Status update 2026-05-08: Accepted¶
Audited as part of the 2026-05-08 ADR Proposed sweep (Research-0086).
Acceptance criteria verified in tree at HEAD 0a8b539e:
core/src/feature/x86/convolve_avx2.{c,h}— present.- The bit-exactness pattern (single-rounded float mul, widen to double, double add, no FMA) is cited as load-bearing by ADR-0140
simd_dx.h(SIMD_WIDEN_ADD_F32_F64_AVX2). - Verification command:
ls core/src/feature/x86/convolve_avx2.{c,h}.
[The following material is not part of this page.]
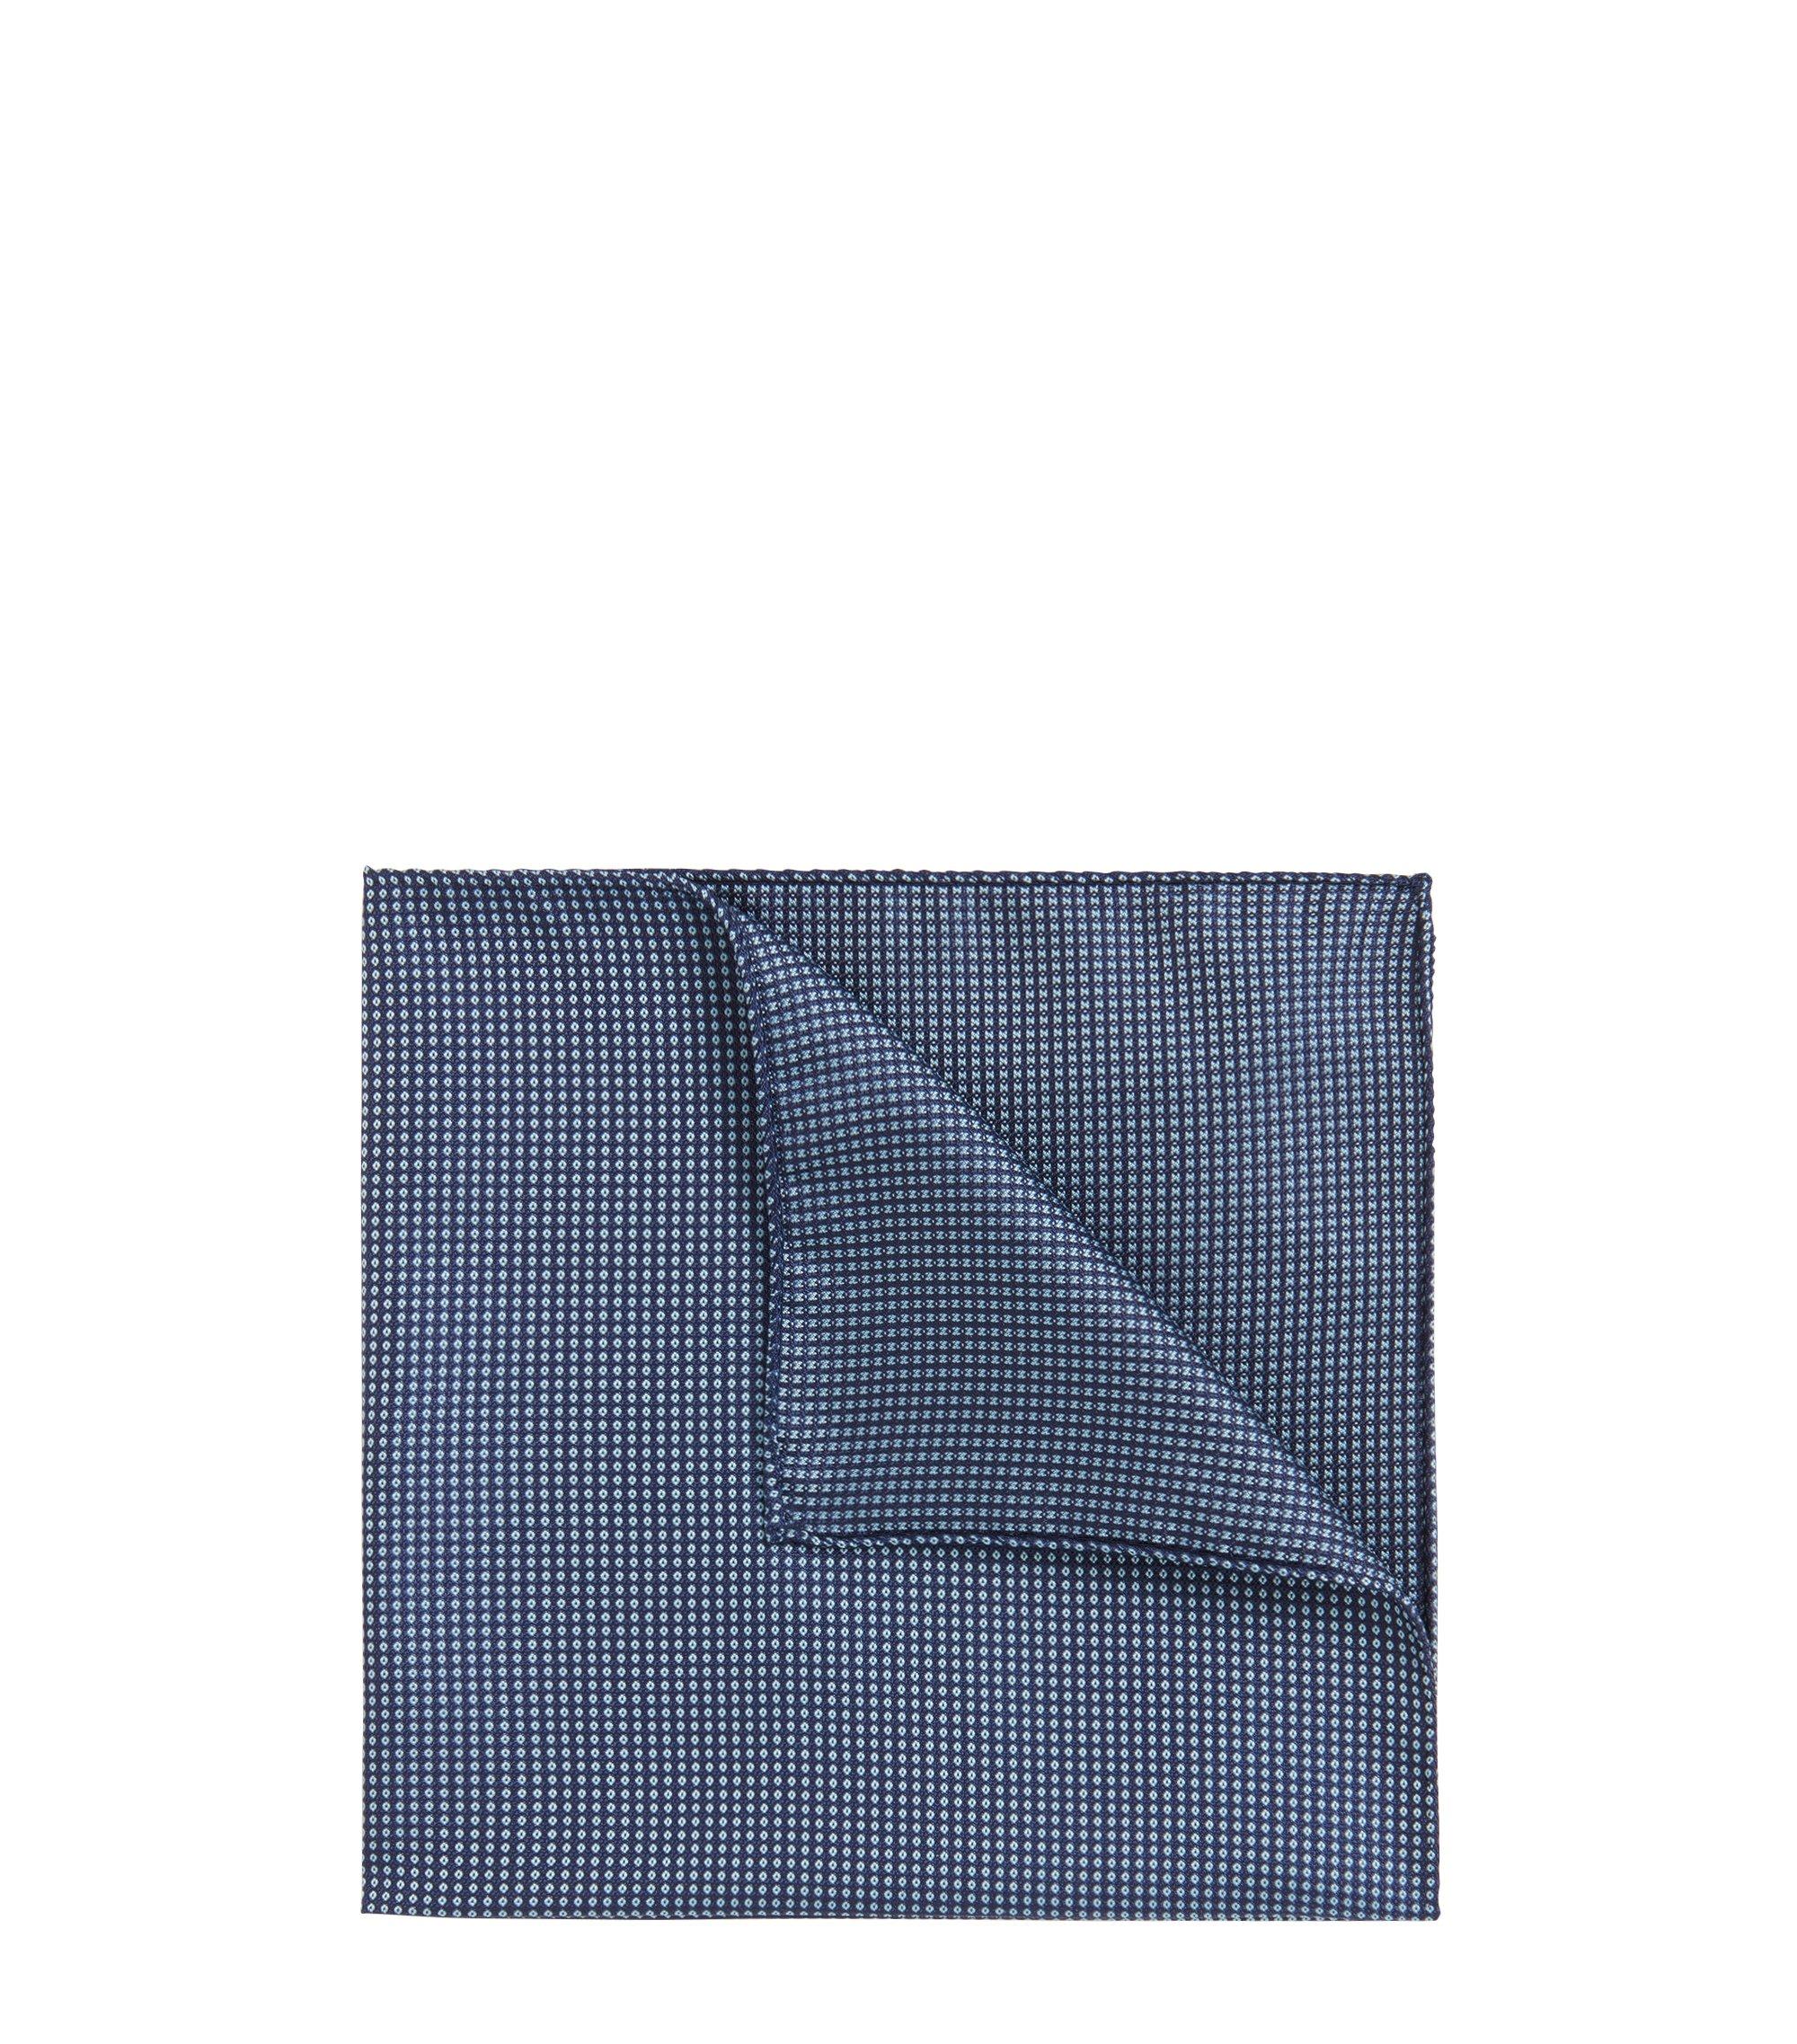 Pañuelo de bolsillo de fantasía en jacquard de seda, Azul oscuro

AVX-512 audit 2026-05-09: AUDIT-PASS at 1.300x / 1.173x (T3-9 sub-row c)¶
T3-9 sub-row (c) bench-first audit on Ryzen 9 9950X3D (Zen 5, AVX-512F/BW/VL). 480-frame Netflix normal pair fixture, single-thread median of 3 wall-clock runs:
float_ssim(single-scale convolve): AVX2 1.057 s vs AVX-512 0.813 s = 1.300x (at threshold).float_ms_ssim(5-scale convolve): AVX2 1.450 s vs AVX-512 1.236 s = 1.173x (sub-threshold but explained — at the smallest 2 scales the kernel approaches the input width and SIMD lanes are partially masked, matching this ADR's "8-lane bandwidth-amortised on 8x8 windows" prediction).
Bit-exactness: AVX-512 vs AVX2 score JSON byte-identical at full precision (--precision max); 0/48 frames diverge. test_iqa_convolve 13/13 subtests pass on the audit build. Cross-backend gate clean.
The shipped convolve_avx512.c path is meeting its design ceiling. Both float_ssim.c:117 and float_ms_ssim.c:94 dispatch sites wire it correctly. Audit closes the ADR-0138 §"Follow-up" promise.
See Research-0089 for the full bench table, decision matrix, and theoretical-ceiling crosscheck.